━━ Recorded information ━━
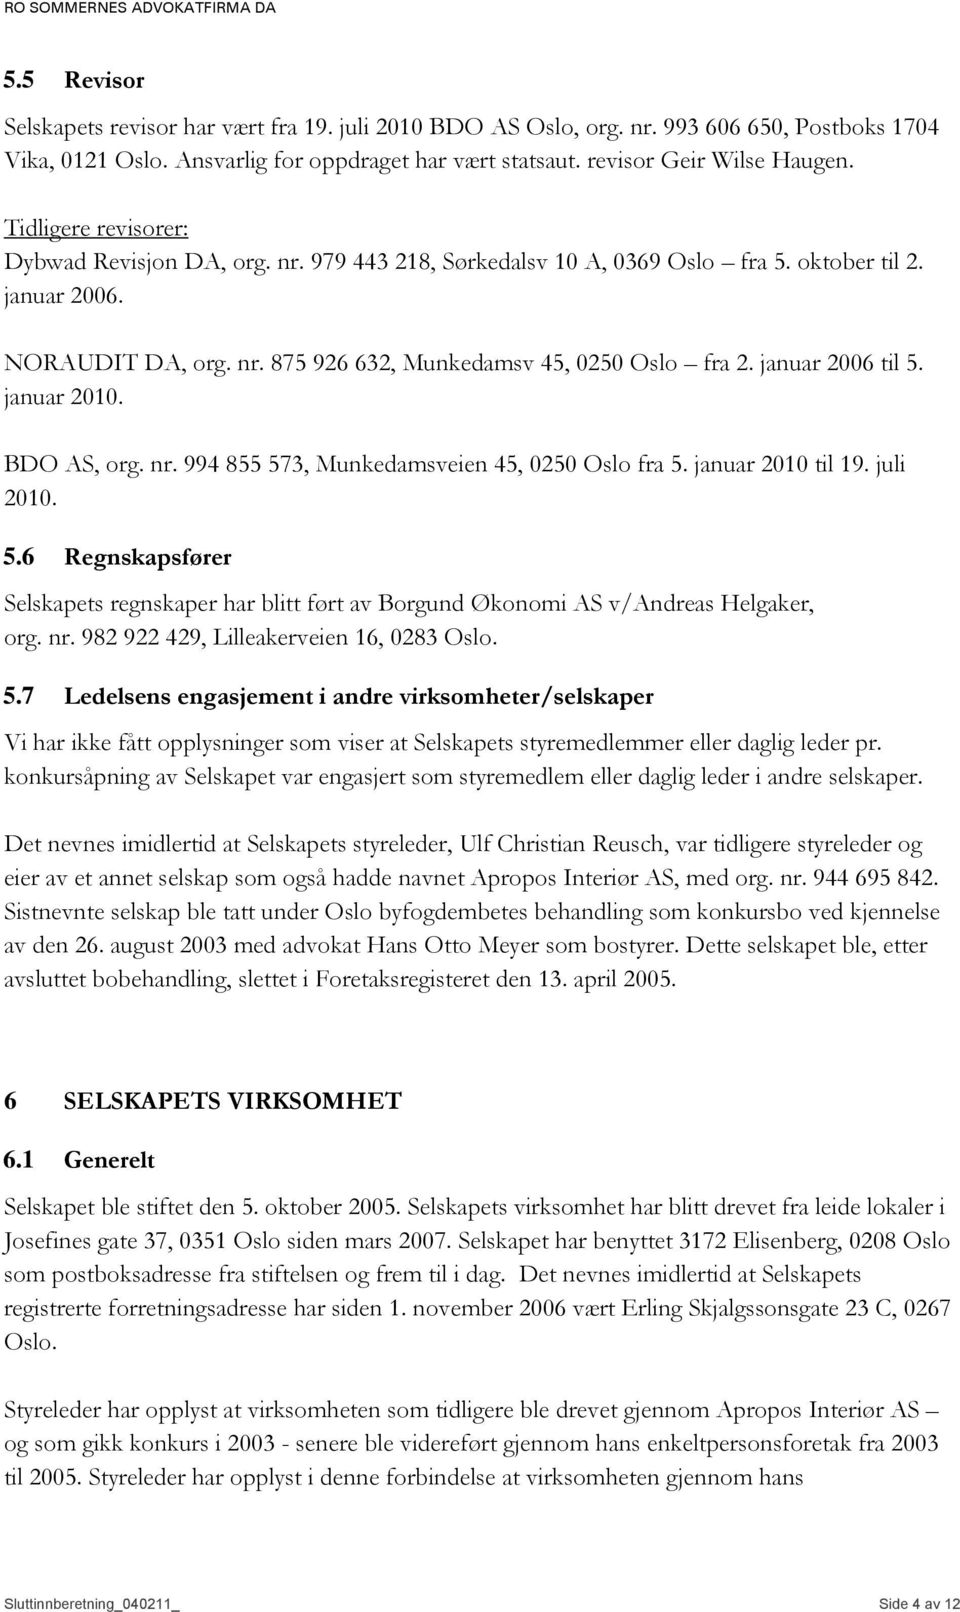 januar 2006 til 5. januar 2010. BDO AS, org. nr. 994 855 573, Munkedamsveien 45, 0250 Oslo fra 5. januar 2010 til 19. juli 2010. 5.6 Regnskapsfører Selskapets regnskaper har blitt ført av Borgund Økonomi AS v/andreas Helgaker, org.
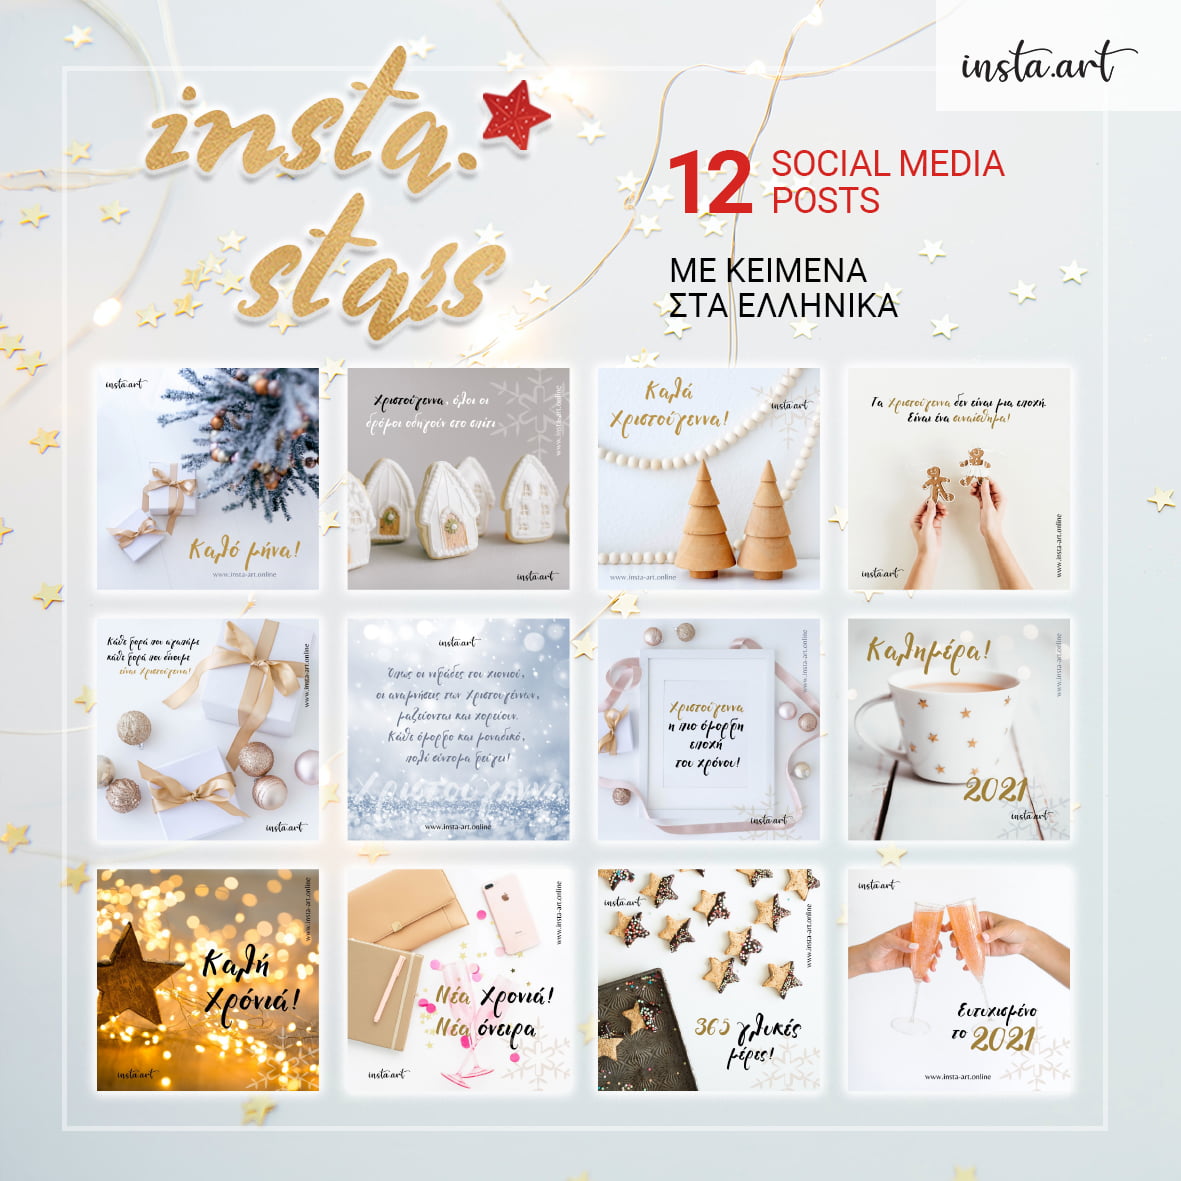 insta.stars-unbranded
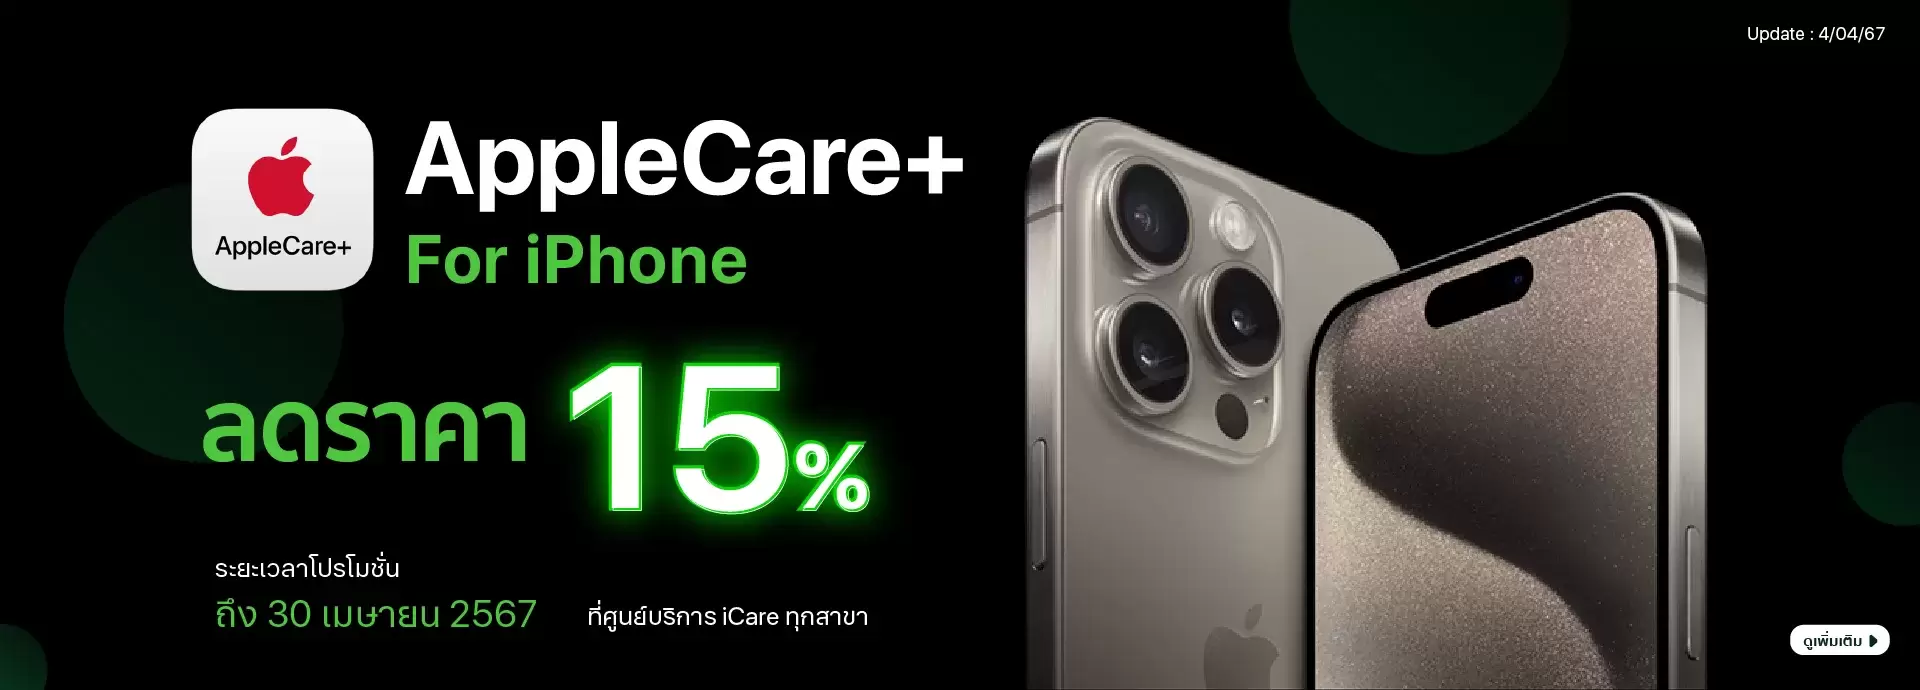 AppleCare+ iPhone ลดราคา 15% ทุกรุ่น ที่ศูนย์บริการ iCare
━━━
● **Exercise**
Using the listing above, set down exactly each line from the one containing "insta.stars-unbranded" through the final line, and leave out pictures.

● **The answer**
 insta.stars-unbranded
 AppleCare+ iPhone ลดราคา 15% ทุกรุ่น ที่ศูนย์บริการ iCare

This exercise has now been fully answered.